- Он?

            Но я не кивнула, не показала, что именно об этом задумалась на секунду. И, чтобы не дать Тревору возможности ещё глубже меня ковырнуть или ранить, спросила о другом:

            - Говоришь, туда можно попасть?

            Мой старый знакомый смотрел на меня так, словно я и сейчас была не живым человеком, а подопытным кроликом. С изощрённым любопытством он таки ранил:

            - Хочешь?

            Я не знала, что мне ему ответить. Потому что ему отвечать не хотелось. Пусть он и являлся единственным, кто мог быть проводником, но такой радости, как новый азарт, я ему не предложу. Не знаю, какие мысли витали в этот момент в его голове, но он вдруг спросил:

            - А Дэвид?

            И тут меня прошиб холодный пот. Боже! Дэвид! Он… неужели он тоже всё знал?

            - Тревор, скажи мне, Дэвид… он… тоже был… в курсе?

            Подобравшийся было перед последним своим вопросом,  мужчина оттолкнулся от стола и снова упал спиной на кресло.

            - Он твой муж, сама его спроси.

            Я сидела разбитая, раздавленная на мелкие части. Это были даже не осколки последних счастливых лет. Нет, это было похоже на то, как невидимую стену, защитную, оберегающую, поддерживавшую меня, вдруг взяли и убрали. Была, и нет её, этой стены. Не на кого опереться, не к кому бежать, идти… А я, оставшаяся без этой своей защитной стены, упала на пол, раздавленная и разорванная на клаптики, и эти клаптики последним ответом Тревор просто ногой в начищенном туфле растёр по полу – бесстрастно и жестоко.

            Нужно было ещё много чего спросить. Вопросы были. Но только не сейчас. Не сейчас. Боже, как же мне плохо! Я медленно встала на ватные ноги и направилась к двери: хочу уйти отсюда сейчас! Всё остальное – потом. Я вернусь за остальными ответами, но потом. Дойдя до двери, я взялась за ручку, медленно нажала её вниз – дверь приоткрылась. Тревор не предпринял попытки меня остановить. Я развернулась вполоборота и, прежде чем уйти, тихо и разбито спросила:

            - Что со мной теперь будет?

            - Не понял?

            - Если это всё, как ты говоришь, секретно, что вы сделаете со мной? Убьёте?

            - Зачем?

            - А если я решу рассказать? Всем.

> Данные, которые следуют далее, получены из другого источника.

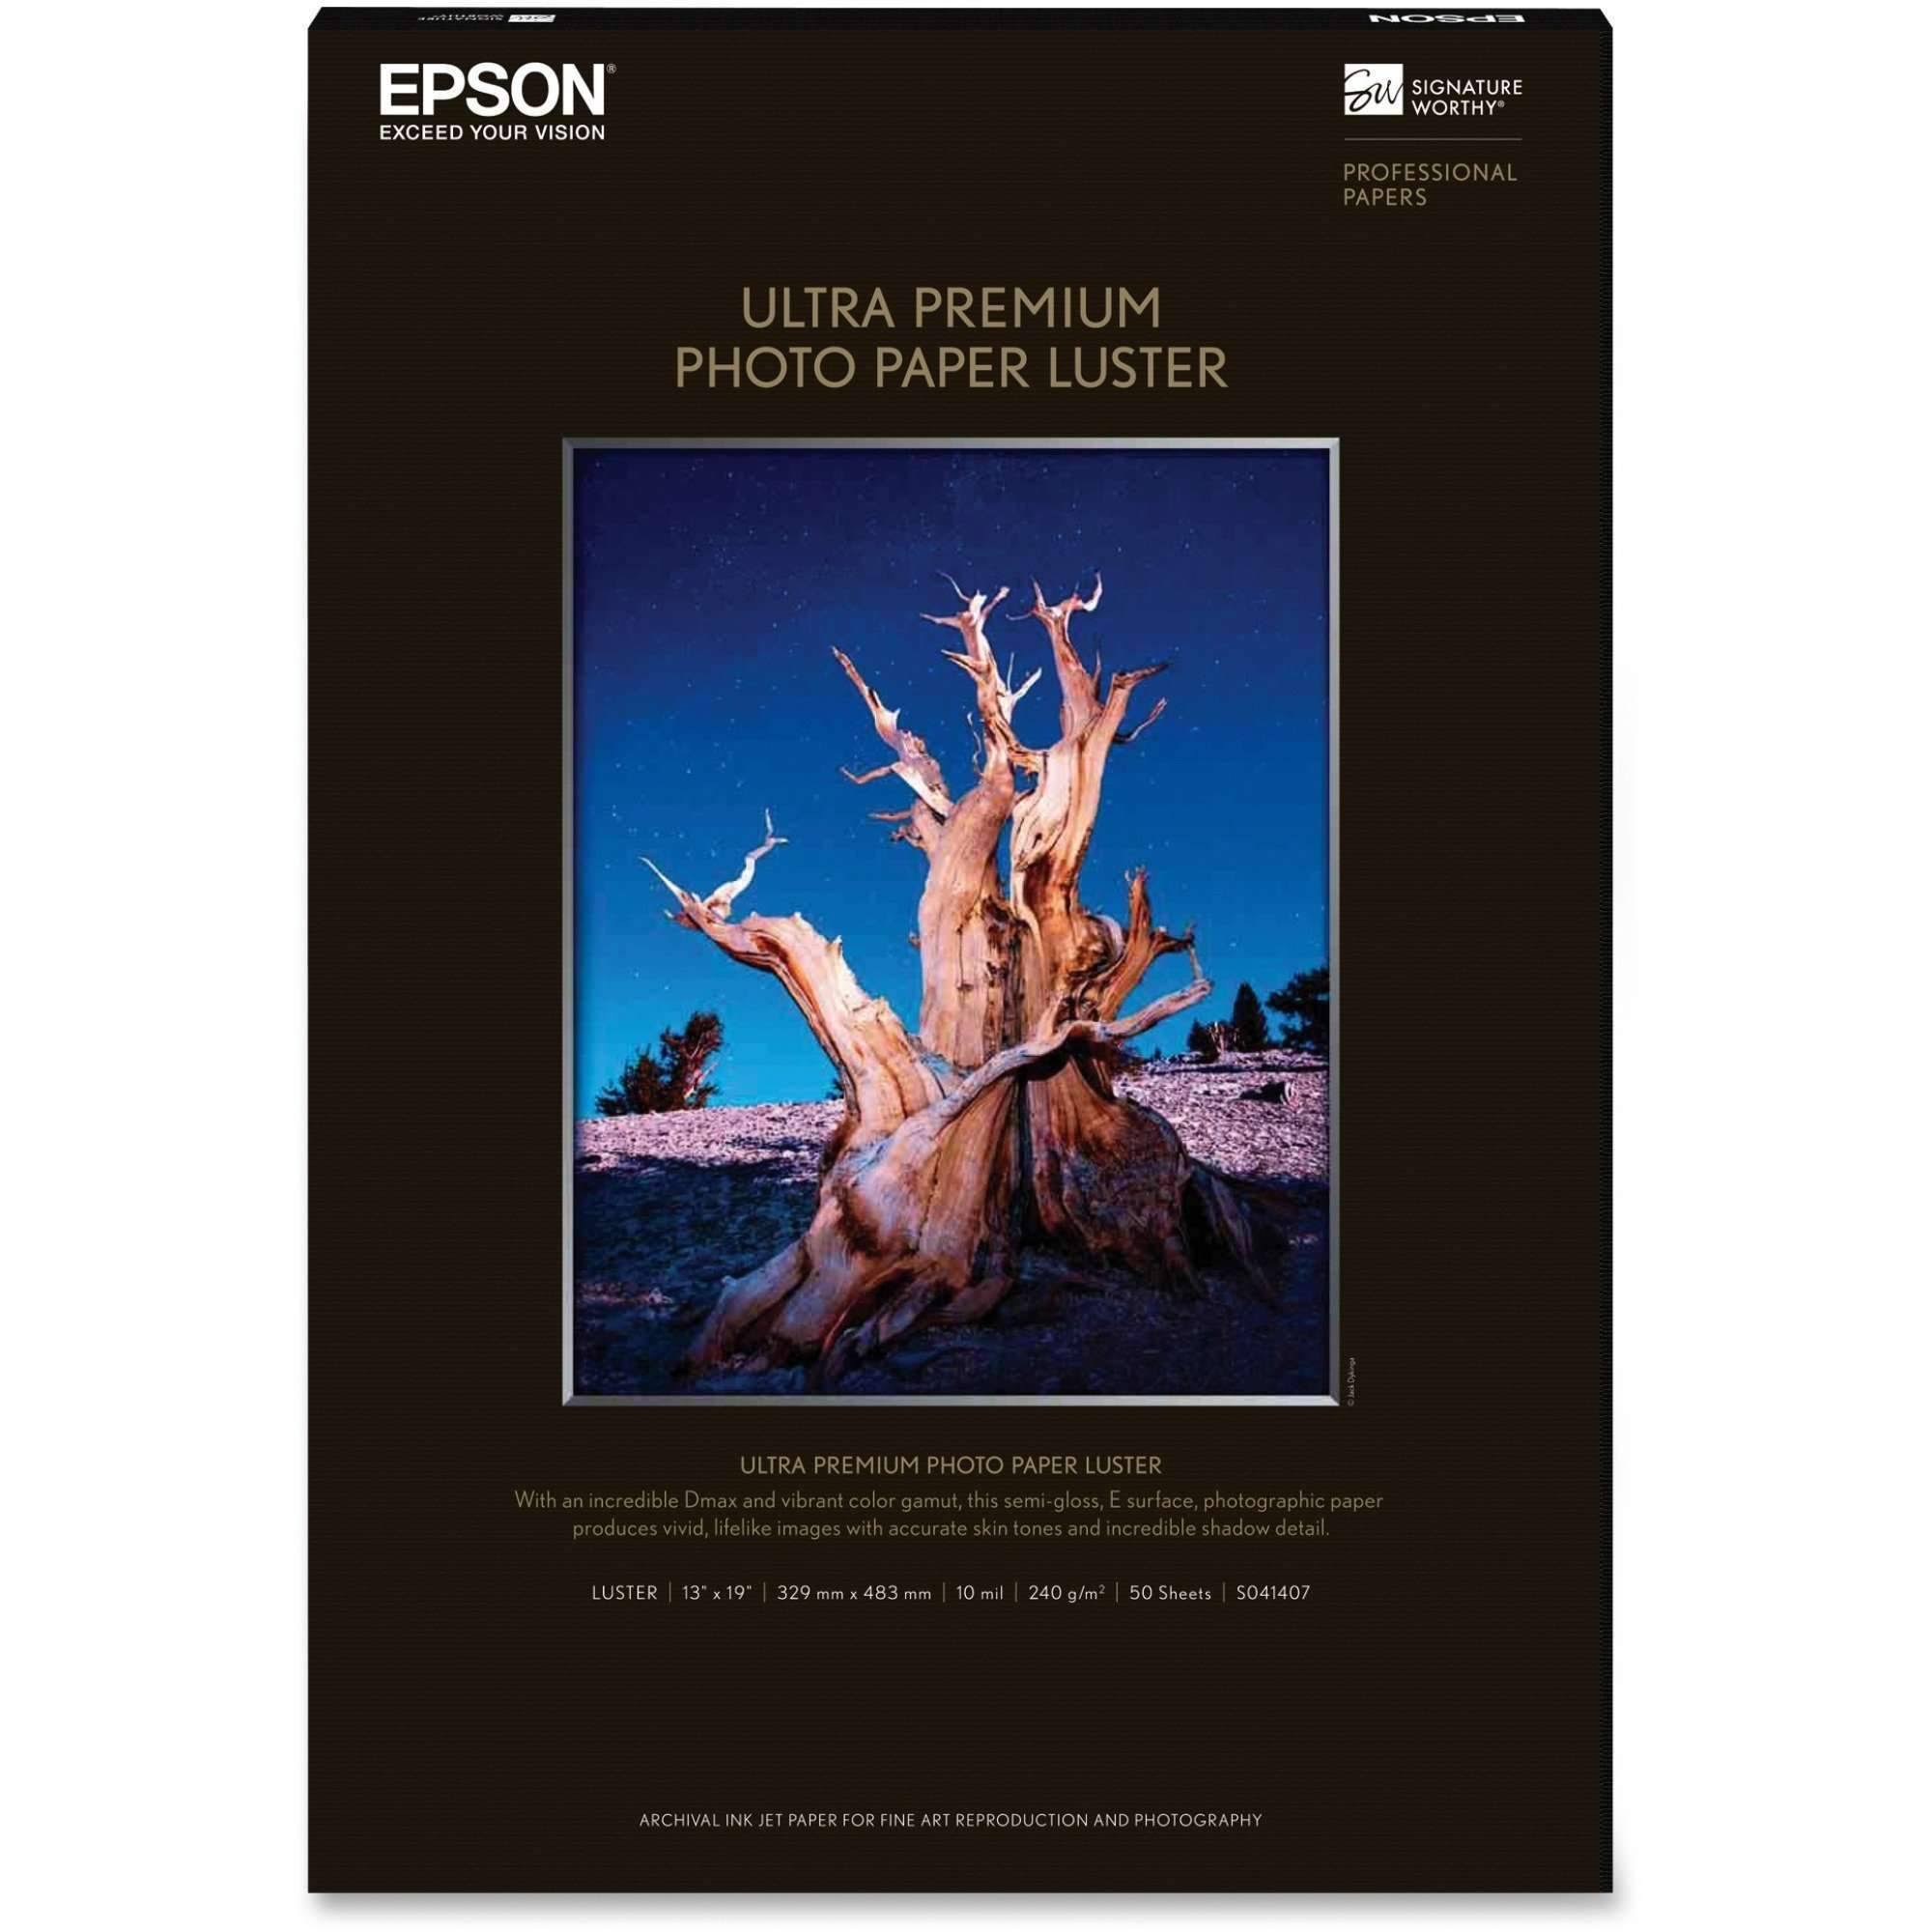 Epson Ultra Premium Photo Paper Luster - 13", 50 Sheets

            - Кто тебе поверит? – голос Тревора не окрасился нотками тревоги. Он и в самом деле считал, что полностью способен всё контролировать. – Жёлтая пресса напишет очередную статейку? Посмеёмся вместе.

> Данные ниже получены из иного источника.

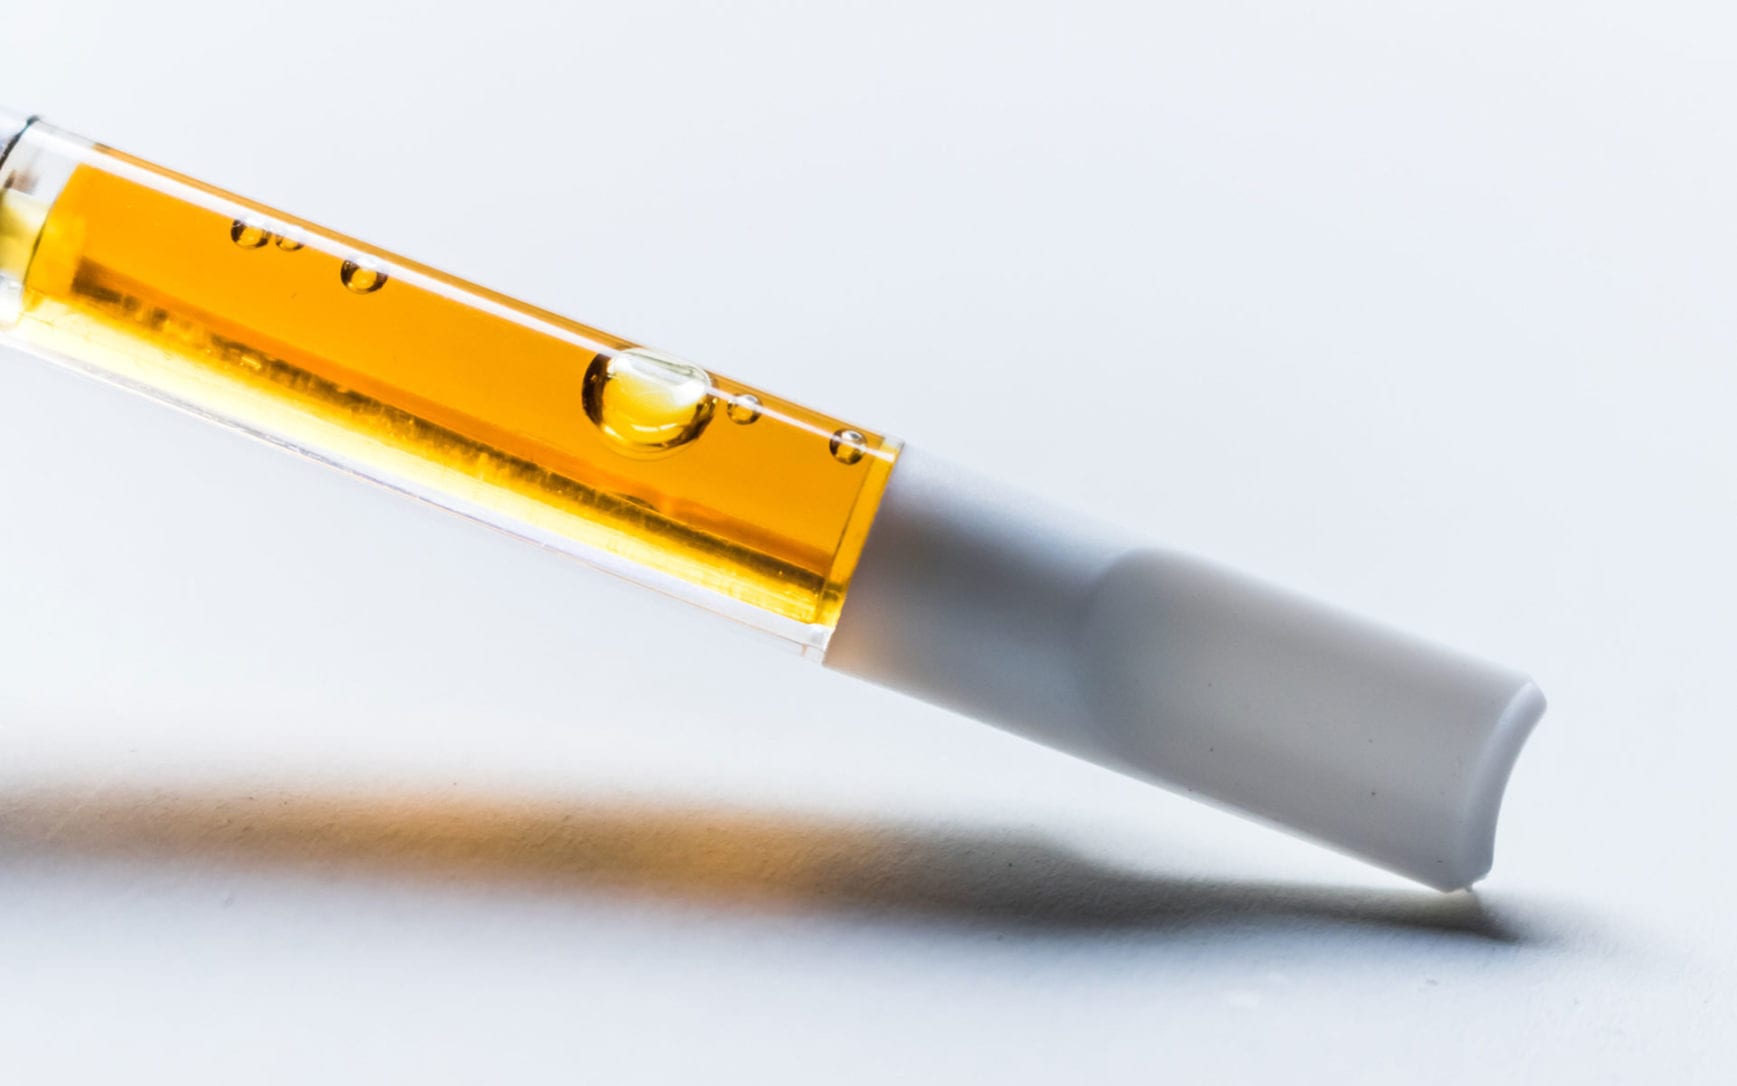 Leafly's investigation tracked a contaminated global supply chain for illicit market THC vape cartridges. (HighGradeRoots/iStock)

            - Но так нельзя. То, что вы делаете… То, что ты делаешь, - так нельзя. Это нужно закончить!

            - На всём белом свете есть только один человек, ради которого я готов и в свои восемьдесят шесть чем-то поступиться. Даже проектом. И это не ты, дочка. – впервые за всё время разговора в его голосе прозвучала сталь.

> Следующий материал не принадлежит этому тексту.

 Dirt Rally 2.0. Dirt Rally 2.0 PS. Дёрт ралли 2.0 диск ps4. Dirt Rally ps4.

            Я повернула голову к двери, открыла её, переступила порог. Но перед тем, как эту дверь закрыть, я попросила:

             - Никогда больше не называй меня дочкой.

Есть три вещи, которых боится большинство людей – доверять, говорить правду, быть собой. (Автор неизвестен)

Принцип «око за око» оставит весь мир слепым. (Махатма Ганди)

            Эмма

            - Милая, ты дома? – я услышала, как Дэвид закрыл за собой входную дверь. – Ум-м-м, как вкусно пахнет!

            Конечно, я же старалась. Приготовила твоё любимое мясо по твоему любимому рецепту:  кроме главного ингредиента и соли больше ничего не добавлять. Как странно, что владелец ресторана, в котором готовят одни из лучших поваров, предпочитает самую простую пищу - на работе он всегда просит приготовить ему на обед обычную яичницу и положить рядом кусок простого белого хлеба, а мясо любит без всяких соусов и специй.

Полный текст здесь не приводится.